Earning the Respect of Time

By Fred Smith

I have no hesitancy in demanding that people regard my time and effort, because I'm convinced after years as an executive and mentor that it creates respect. Some will drop out. But we must invest our time, not spend it. People respect us when we can get to the problem quickly. If through reading as well as living we have developed the intuition, knowledge, and experience to be helpful to others; and if we have the courage to go right at the issue and not be afraid of conflict, people will see we mean business with our time. Even when I must say, "I think I understand the issue, but I can't help you; that's not the kind of problem I can treat," the person may not like me very much, but he or she will respect me.

I also do not give advice; I give observations and list options. I don't feel I should take responsibility for what other people do. They ought to make the decision. I will say, "Here's the problem, and here are two or three options I see for you. Now, which are you going to choose? Or do you see other options?" The next time I see that person, I won't say, "Hey, how you doing?" I'll say, "How are you getting along on that particular issue? Which option did you choose? How is it working out?" Once people find out you're going to hold them accountable, the frivolous counseling requests dry up.

I believe in practicing this approach myself, by the way. When I went to the doctor with high blood pressure, he said, "Why don't you try losing a little weight?" In five weeks, I lost twenty-six pounds, which greatly surprised my doctor. But I told him, "Dick, you're a world-class physician. I haven't got a right to ask you to keep me alive unless I'm willing to match your dedication." I wanted him to know this was a give-give situation.

A friend sent an acquaintance to me, the executive vice-president of a large company. He had gotten mad and quit. At age fifty, he was without another job. I saw he had an ego problem and wasn't really trying to find a job. Overrating his reputation, he was sitting around waiting for somebody to call him. I suggested this to him. Then I called my friend and said, "Your friend may be a little sore, because I put it to him straight."

"That's exactly what you should have said, because it's true," he replied. "But I didn't want to say it because he might not like me." So that was why he sent him to me!

I saw the man later. He had found another job, and even though he didn't particularly enjoy what I did, there was no question that he respected my honesty.

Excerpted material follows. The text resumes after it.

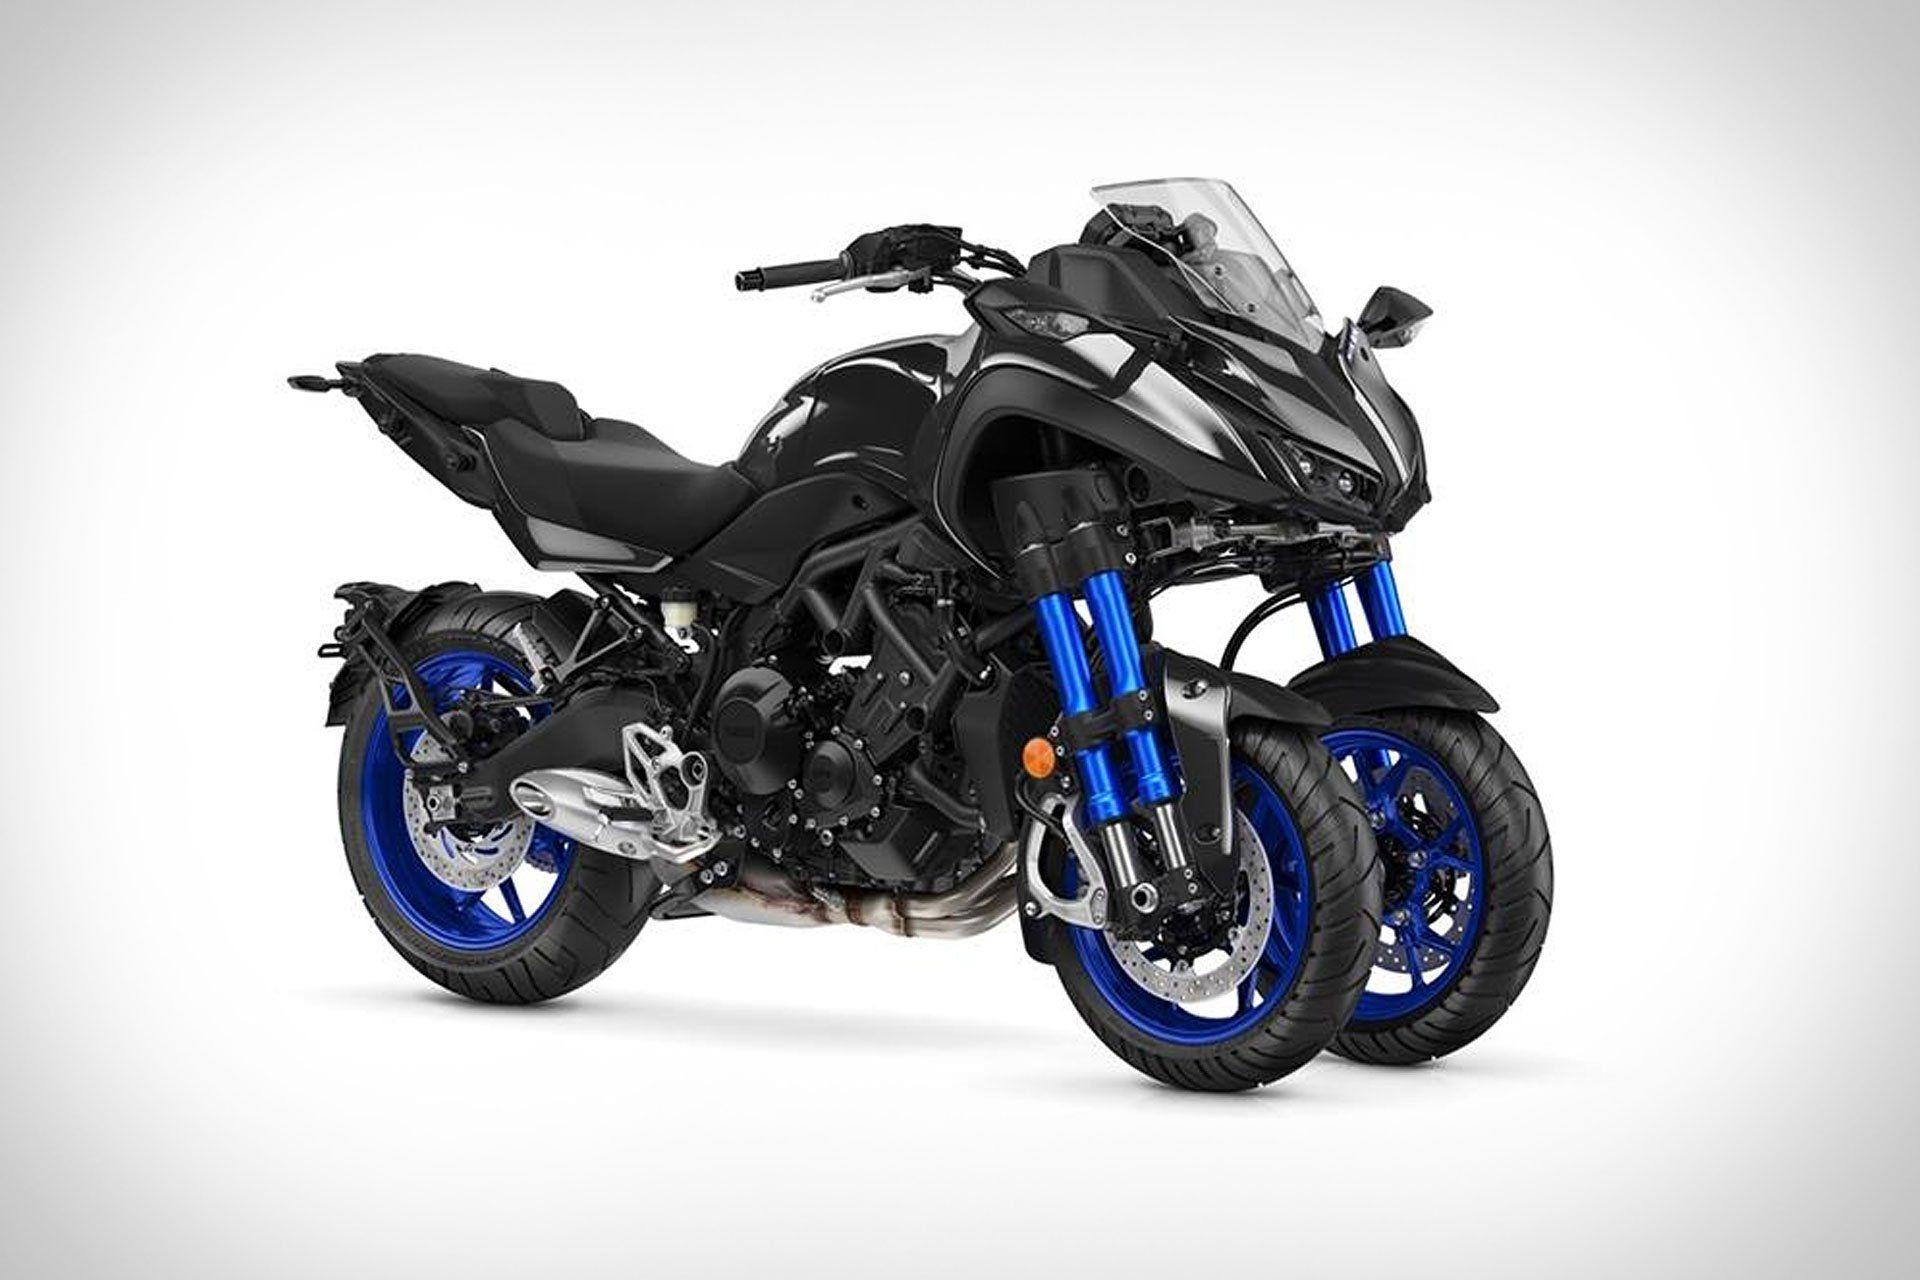 Pin Oleh Rizal Hasibuan Di Motor Sepeda Motor Motor Yamaha Motor

Sympathy and comfort are two very different things. I don't mind spending time comforting someone, but I won't spend time sympathizing. Sympathy is an addictive emotion; people want more and more and more. Comfort, on the other hand, brings a light to the darkness. Comfort produces progress; sympathy doesn't.

This tough approach may not be popular. But I've found it produces results and develops respect.

People take you seriously if you take yourself seriously. This is conveyed in small but important ways. For example, a pastor can say, "I hope I won't lose my salvation for this, but the other day I wasted a few minutes, and you folks know what a nut I am about not wasting time." They'll get the message. You can set definite times for meetings. Even if the calendar is open, you don't say, "Well, come any time Tuesday." Instead, you say, "I'll be glad to see you. How long do you think you'll need?" Or "How long will it take us to accomplish what you've got in mind?" This trains people to think in terms of schedule.

Transitioning from small talk to the issue is important. A successful salesman told me that he says, "If we're not going to talk business, then I have no business being here."

In the same way, you can telegraph your view of time by cutting the conversation off promptly at the end. "Is there anything else profitable that we should talk about, or are we finished?" This establishes the reason we're talking: to accomplish something.